La lapide al Parco Valsesia (Foto di Gariwo)

La lapide al Parco Valsesia (Foto di Gariwo)

Il Comitato per la Foresta dei Giusti ha proposto al Comune di Milano di dedicare un parco cittadino alla memoria degli italiani perseguitati in URSS dal terrore staliniano. 
Oltre ai numerosi antifascisti fuggiti dall'Italia, fu sterminata l'intera comunità di origine italiana residente in Crimea. 
La Giunta Comunale di Milano ha deliberato che il Parco Valsesia sia intitolato "Alla memoria delle vittime italiane del GULag", con deposizione di una lapide a ricordo della loro tragedia.

Inaugurazione 10 novembre 2005

Conferenza 9 novembre 2005 a Palazzo Marino con i parenti delle vittime: interventi, ricordi e testimonianze


Programma
DUE GIORNI PER NON DIMENTICARE

Mercoledì 9 novembre 2005, ore 17.00
OMAGGIO ALLE VITTIME ITALIANE DEL GULAG
Milano, Palazzo Marino, Sala Alessi, Piazza Scala, 2

Saluto delle autorità comunali.
Interventi di

- Gabriele Nissim, presidente del Comitato per la Foresta dei Giusti
- Elena Dundovich, docente dell’Università di Viterbo
- Anatolij Razumov, fondatore del Martirologio di San Pietroburgo
- Testimonianze di alcuni parenti delle vittime italiane, tra cui Luciana De Marchi, Attilio Tonolo, Parisina Baccalà, Vladimiro Bertazzoni e Francesca Gori ed Emanuela Guercetti a nome di Memorial Italia

Giovedì 10 novembre 2005, ore 11.00
PARCO VALSESIA (Milano, ingresso via Bagarotti, MM1 Bisceglie + autobus 58)

Cerimonia di posa di una lapide alle “Vittime italiane del GULag”
Interverranno le autorità comunali, esponenti del Comitato promotore, parenti delle vittime, classi di studenti e il Coro del liceo Volta

A conclusione del convegno del dicembre 2003 I Giusti del GULag alcuni parenti delle vittime italiane avevano espresso l’auspicio che Milano ricordasse questi connazionali, più di mille (1028), finiti nei gulag o fucilati durante il grande terrore staliniano. La metà apparteneva alla comunità italiana di Kerc, in Crimea, gli altri erano per lo più emigrati politici antifascisti, soprattutto militanti comunisti. 

La tragica sorte dei deportati nei 384 campi di lavoro dell’ex Unione Sovietica è una pagina ancora dimenticata: nel periodo dal 1917 al 1956 sono passati nel sistema GULag decine di milioni di persone, con percentuali di mortalità altissime. Le cifre rimangono controverse e soltanto nell’ultimo decennio, dopo la caduta del Muro, sono iniziate delle ricerche serie, soprattutto dell’associazione Memorial a Mosca e di Anatolij Razumov a San Pietroburgo, per rintracciare il nome degli scomparsi e restituire loro la dignità del ricordo. 

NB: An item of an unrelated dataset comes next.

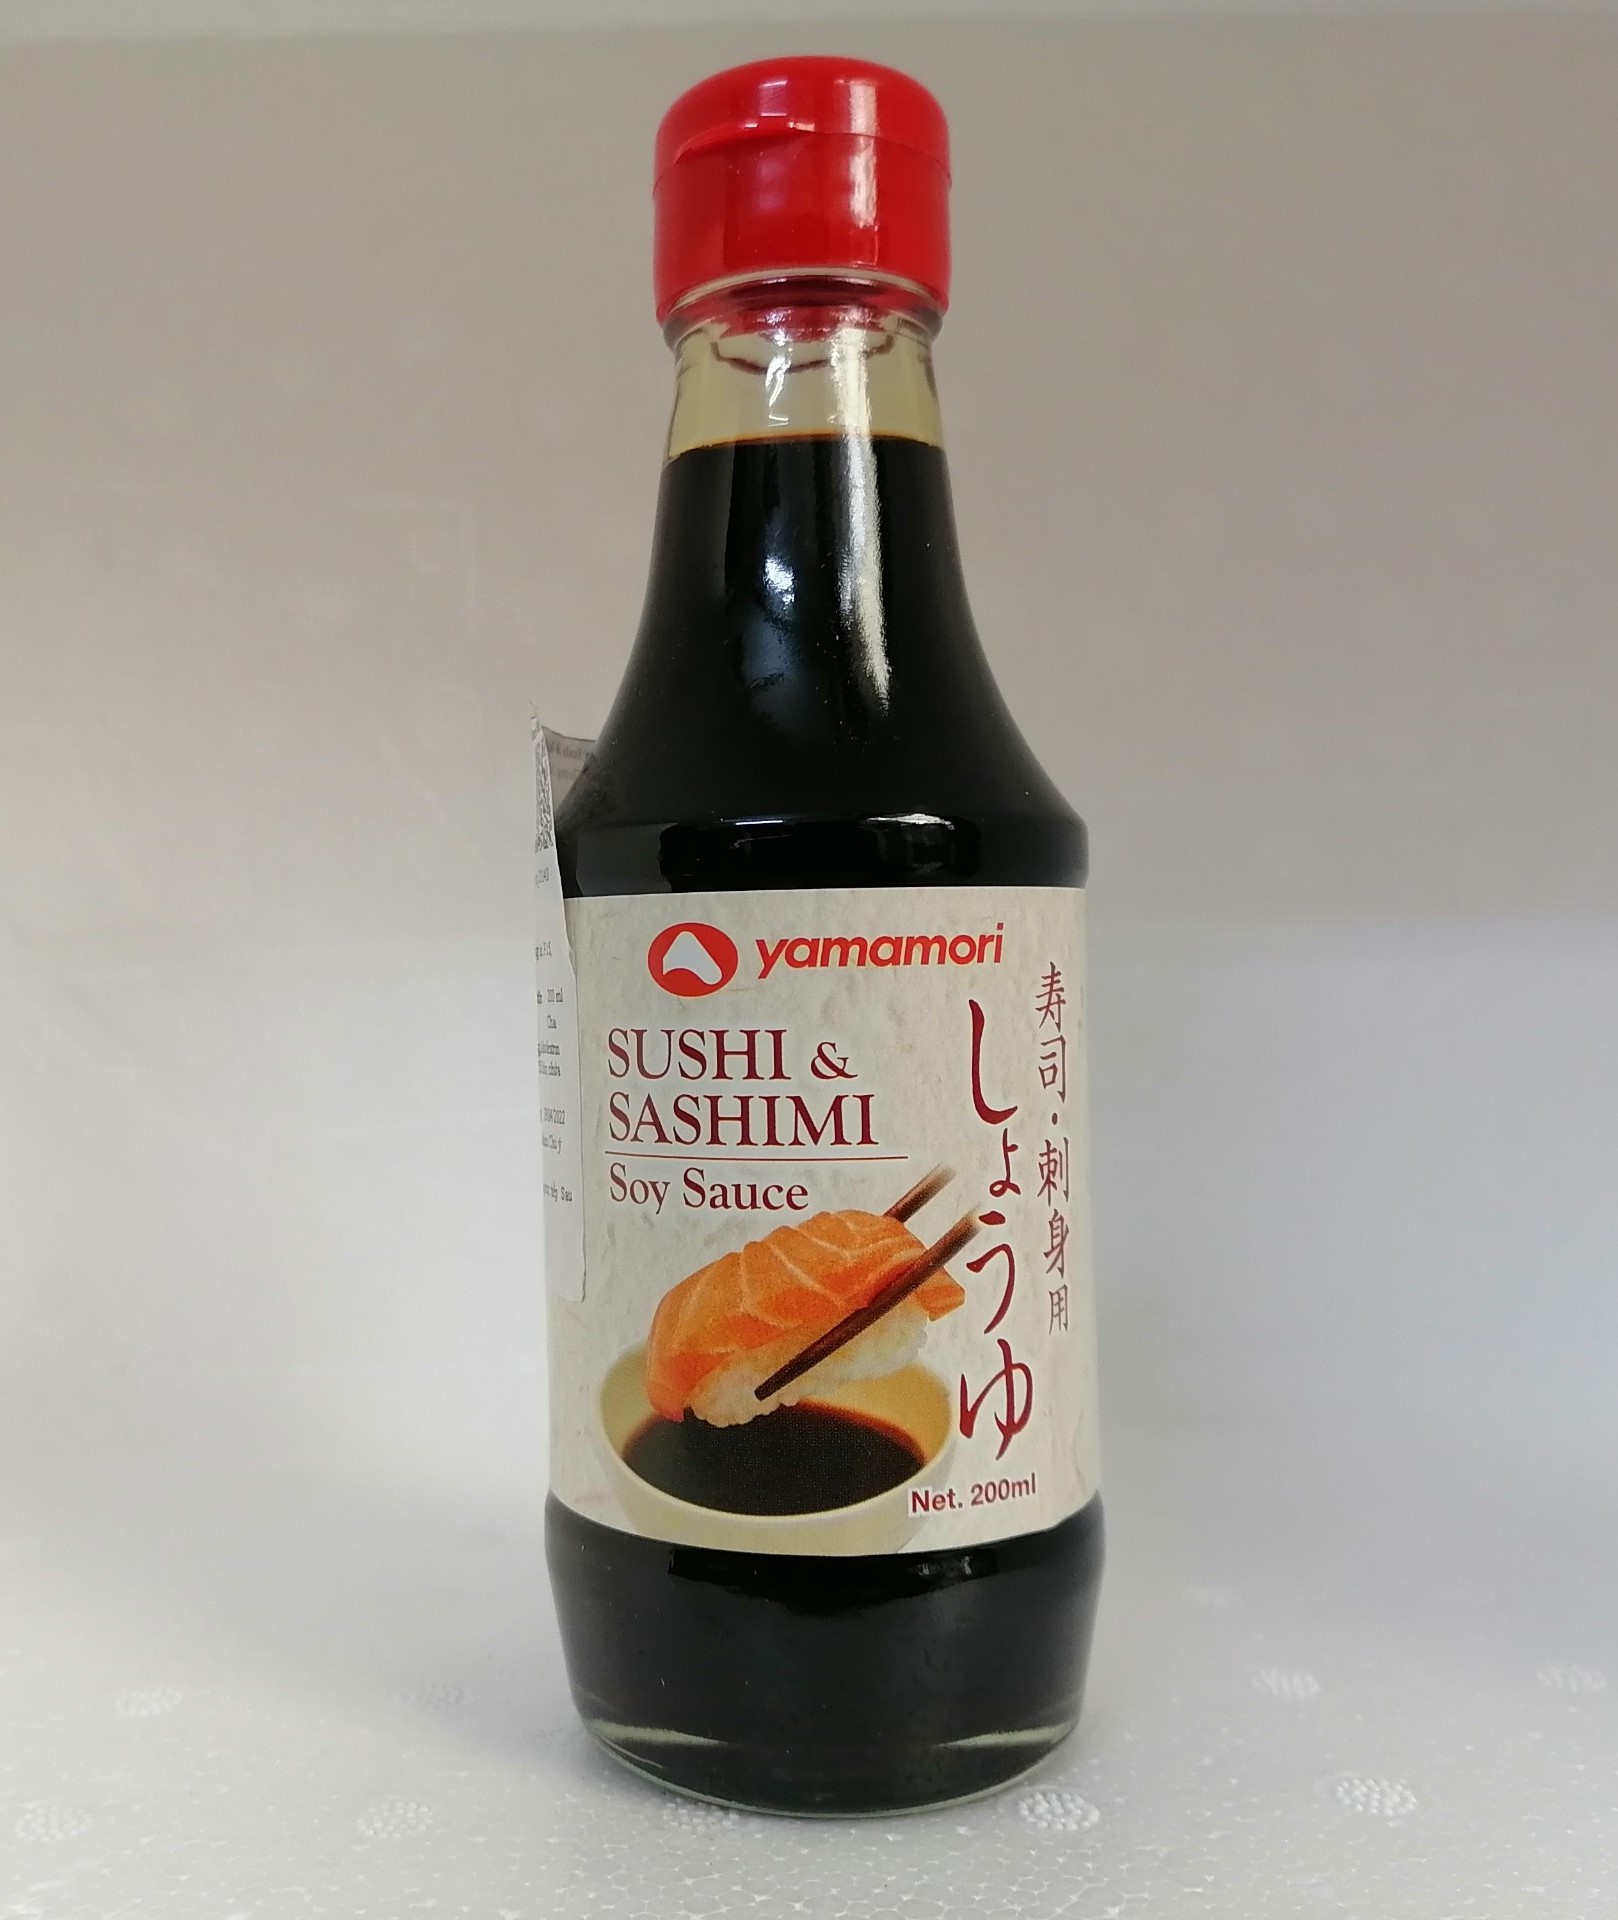 Chai nhỏ 200ml NƯỚC TƯƠNG SUSHI & SASHIMI Thailand YAMAMORI Soy Sauce sib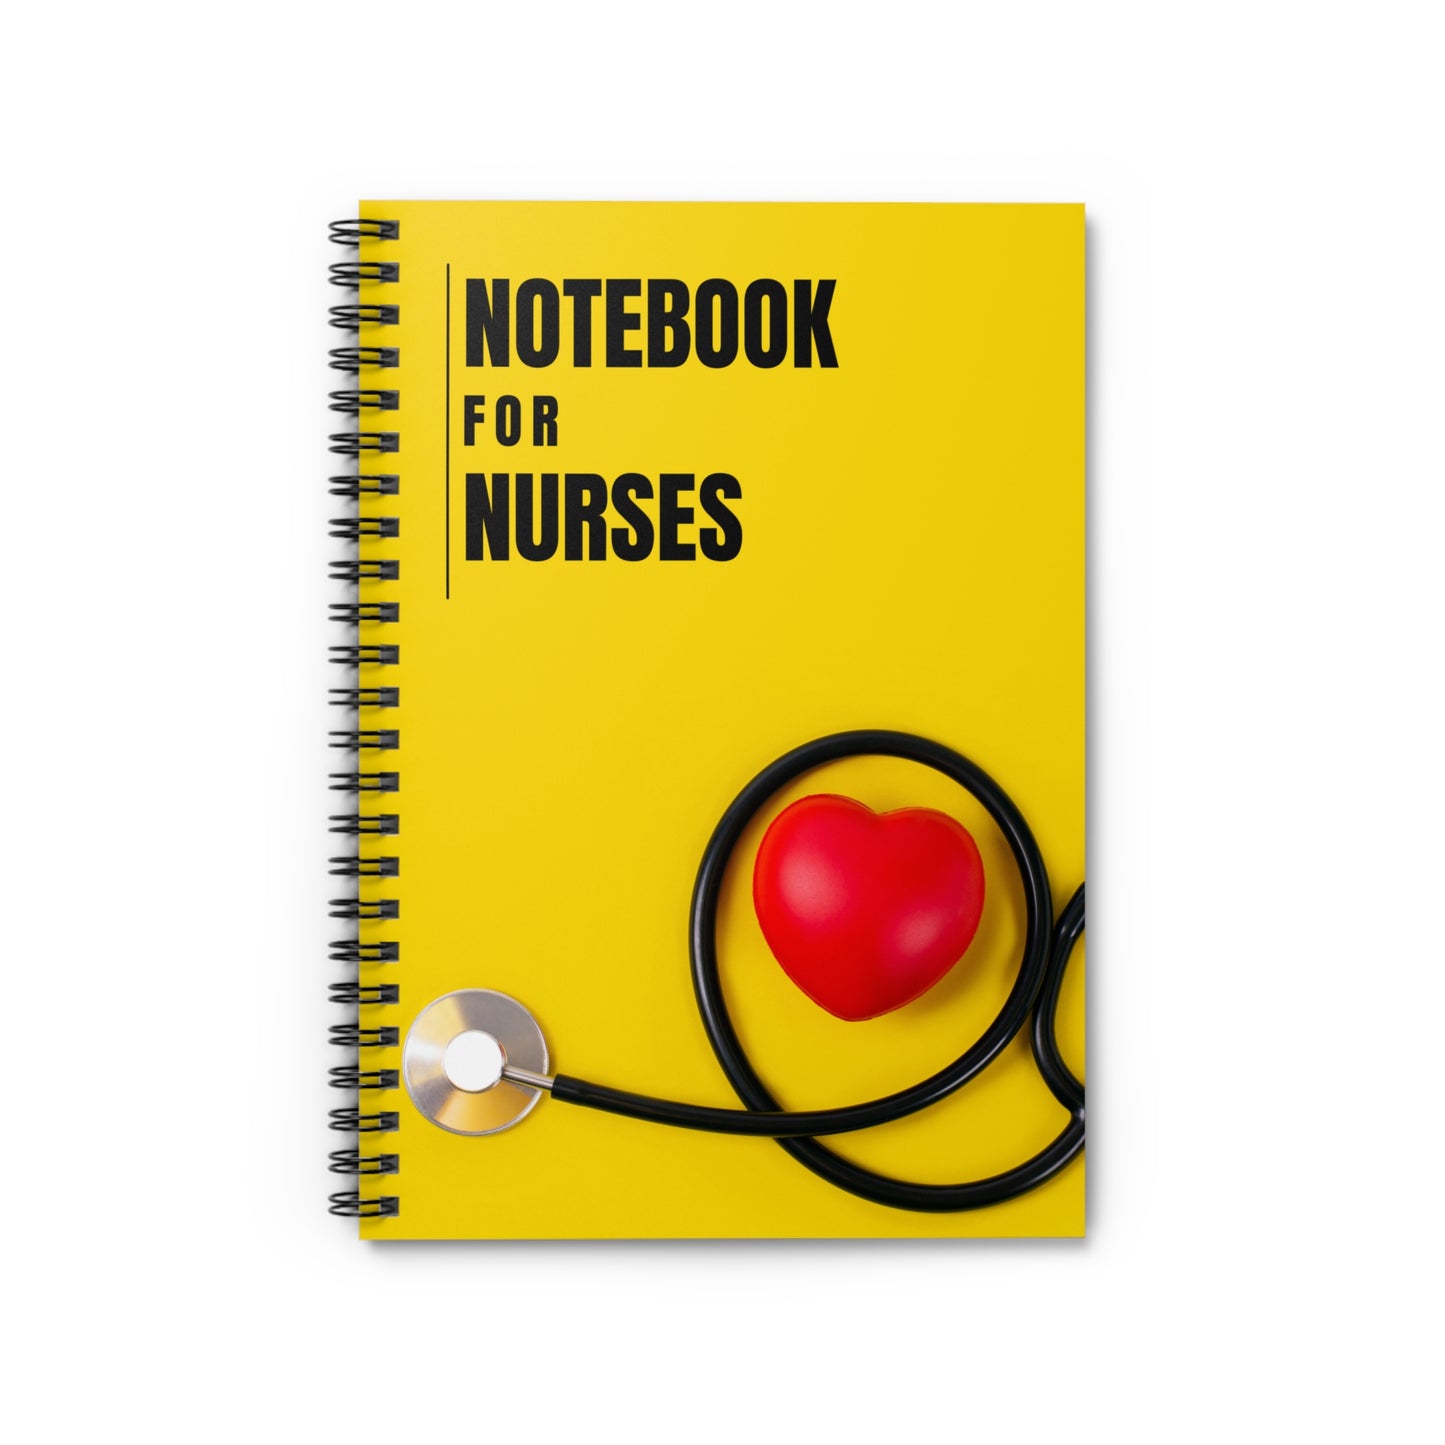 Spiral Notebook for Nursing Students: Nurse Appreciation, Nursing Notebook, Nursing Gifts, Nursing Notes, Nursing Journal, Gift for Nurses - Ruled Line Spiral Notebook

Tra i perseguitati anche molti stranieri, di cui numerosi italiani, rifugiati politici, profughi, prigionieri di guerra, intere comunità emigrate da altri Paesi. 
Fuggiti da regimi oppressivi e liberticidi, cercavano nella nuova patria sovietica la realizzazione dei propri ideali e hanno invece trovato persecuzioni, torture fisiche e morali e spesso condanne a morte. Alcuni, con grande coraggio, hanno saputo opporsi alla deriva morale della delazione, alle pressioni del regime a denunciare i propri cari e gli amici in cambio della salvezza. Hanno sacrificato la vita ma non hanno rinunciato alla dignità e la loro resistenza civile ha contribuito alla lenta erosione del sistema sovietico.
Ci sembra doveroso rendere omaggio a questi uomini dimenticati e custodire la memoria delle loro storie esemplari.

10 novembre 2005

Parco Valsesia di Milano

10 novembre 2005

  • Il coro del Liceo Volta

  • Gli studenti con i mazzi di fiori

  • Gabriele Nissim ricorda le vittime italiane del GULag

  • Il Presidente Penati porta l'adesione della Provincia

  • I parenti si stringono intorno alla lapide

  • Il testo della lapide

  • La targa di ingresso al parco Valsesia

  • Parco Valsesia

  • GULag

    i lager sovietici

    GULag è l’acronimo, introdotto nel 1930, di Gosudarstvennyj Upravlenje Lagerej (Direzione centrale dei lager).
    Nel 1918, con l’inizio della guerra civile, fu creata una vasta rete di campi di concentramento per gli oppositori politici della neonata Unione delle Repubbliche socialiste sovietiche (URSS). Nel 1919 venne creata la sezione lavori forzati. Il lavoro coatto era previsto come mezzo di redenzione sociale dalla stessa costituzione sovietica. Oltre alla funzione economica e punitiva, alcuni lager ebbero anche la funzione di eliminazione fisica dei deportati.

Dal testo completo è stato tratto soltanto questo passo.